It does write to flash when you download a new SysConfig, which is the result of editing the device config.
Lest you think I am being hard to get along with, please let me elaborate a bit. The SysConfig is a complex document containing lots of critical stuff, serving lots of subsystems in the controller. Think of it as a big ZIP file containing the Laws of Physics. When the system starts up, the various subsystems read their part of that file and initialize themselves to whatever was specified by the user. Writing that file is a Big Deal that only happens in program mode. Modifying that file at runtime is the stuff of nightmares...like changing the Speed of Light. Bad.
At startup, the SMTP Client Device Configuration provides the SMTP Client all of the nice stuff you specified. DEVREAD and DEVWRITE give you runtime access to the state of the driver, but do not access or modify the config. Modifying driver values at runtime is easy and safe. Modifying the SysConfig at runtime is Very Bad.

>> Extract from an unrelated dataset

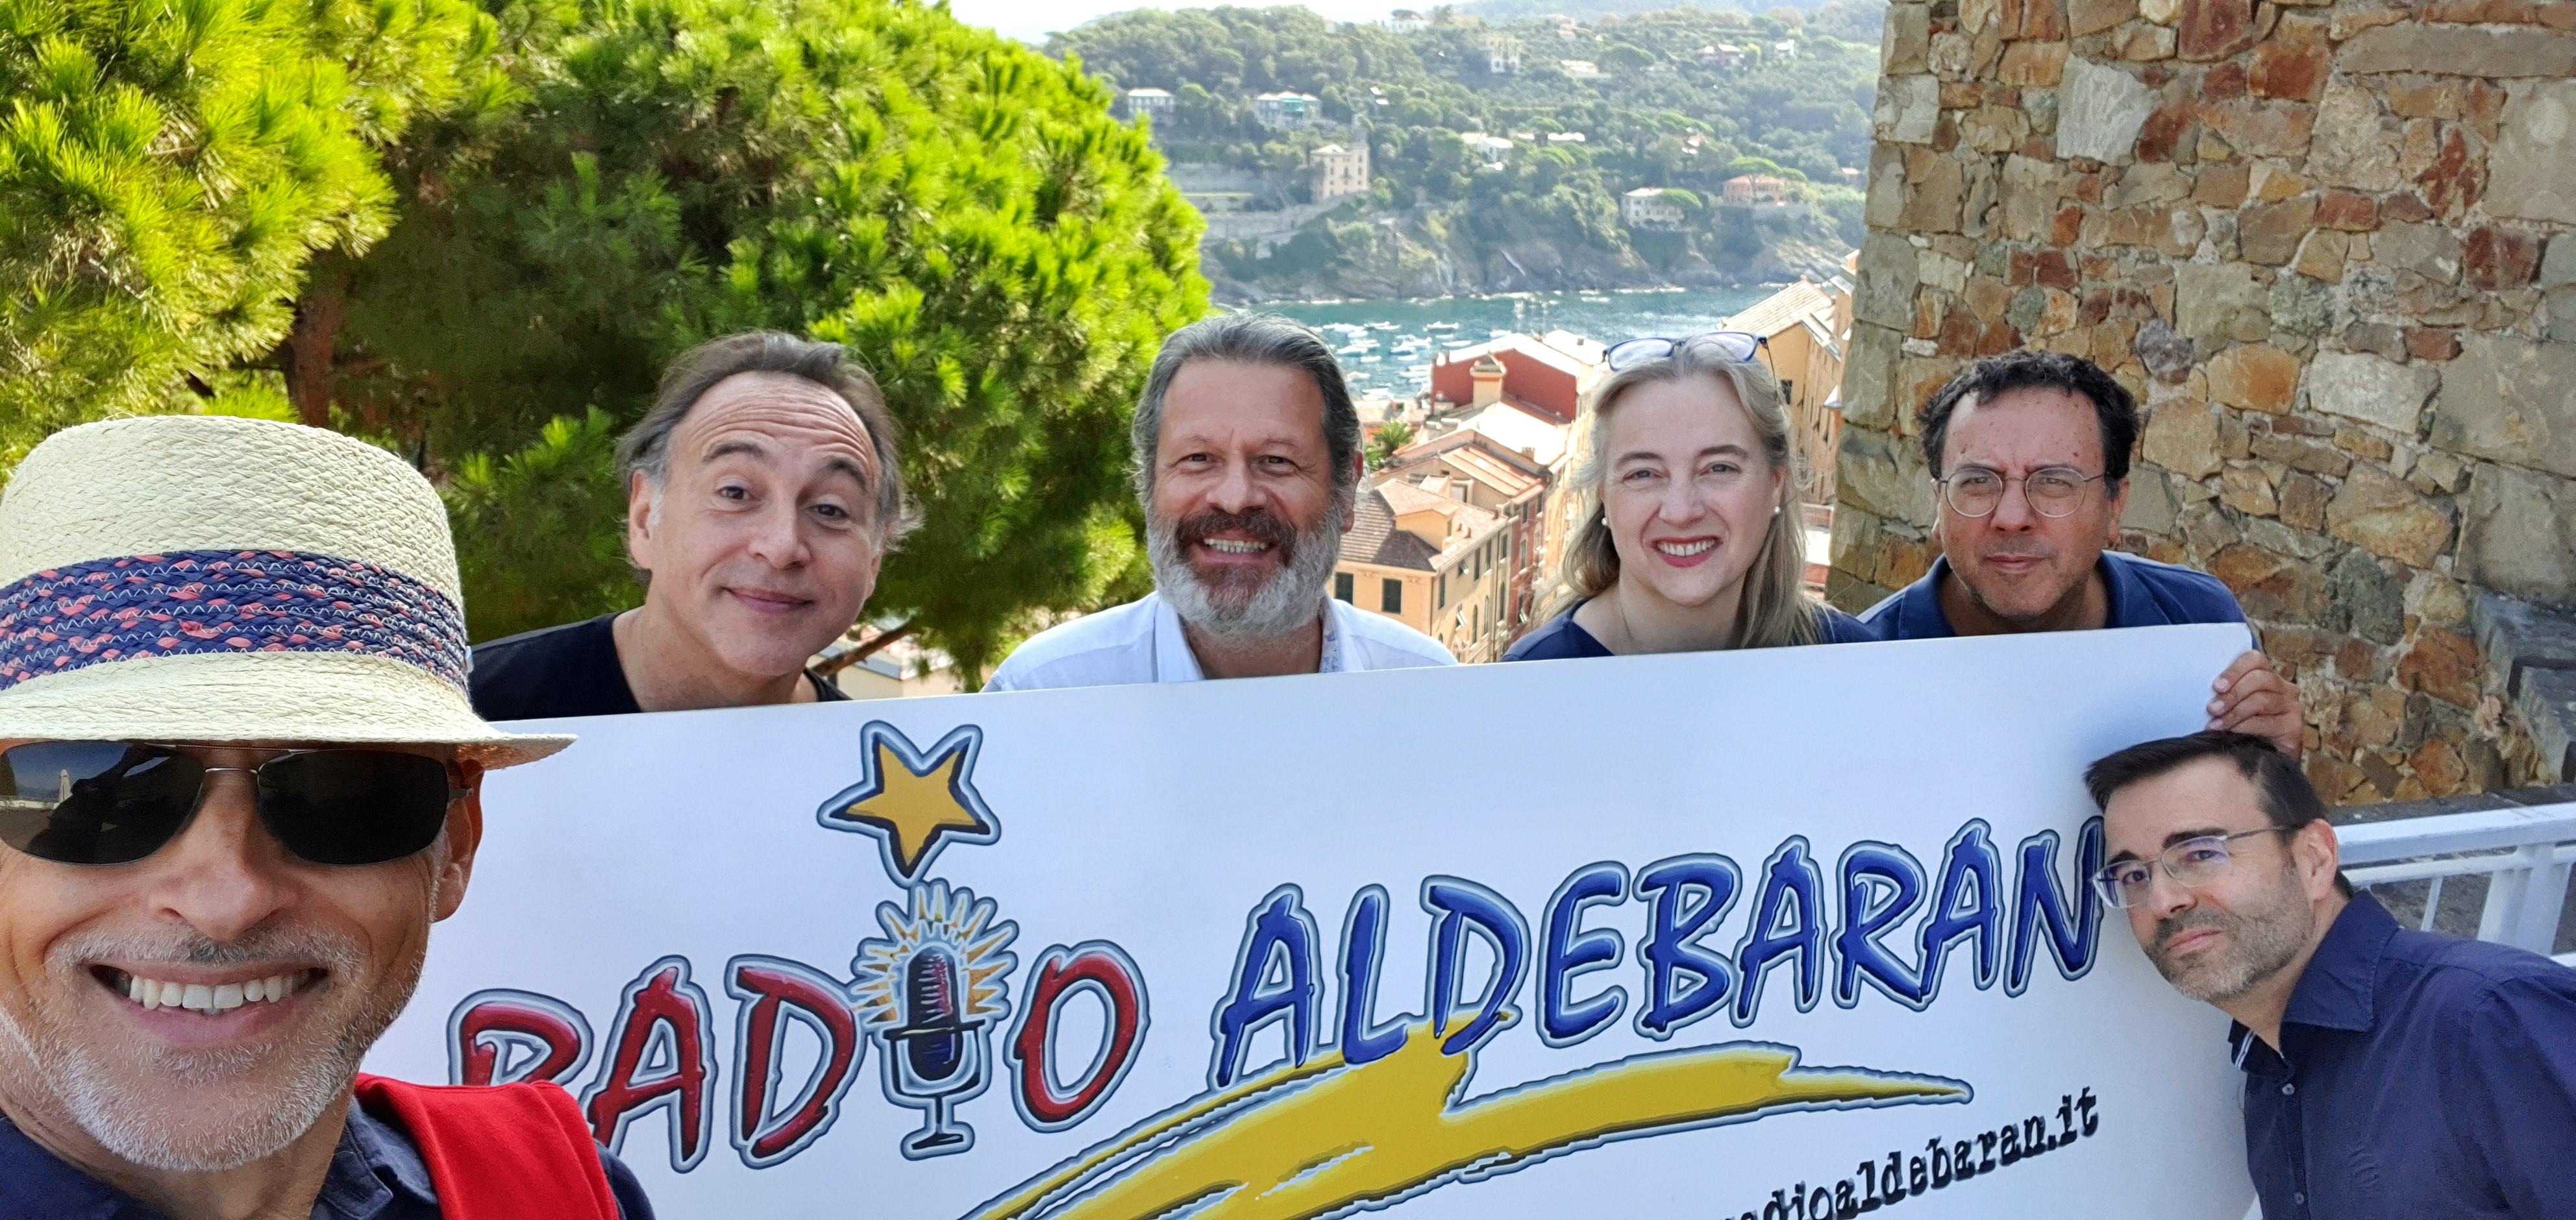 Aldebaran 3 - Radio locali. Liguria: Radio Aldebaran, punto di riferimento nel Levante, compie 40 anni e organizza una lunga serie di iniziative, con tutti i suoi conduttori negli anni

In short, it isn't happening. I am an old engineer. Part of my ability comes as an experience base that tells me when to *not* do something. This falls in that category.
I am well aware of how this way of handling the issue seems counterintuitive from a user's perspective. We really do see that and care about that...but...in the case, it is architecturally a bad plan that can screw many things up. My rule is simple: I'd rather apologize to 20% for what I chose not to do, than to apologize to 100% for what I did poorly. Please consider this an apology.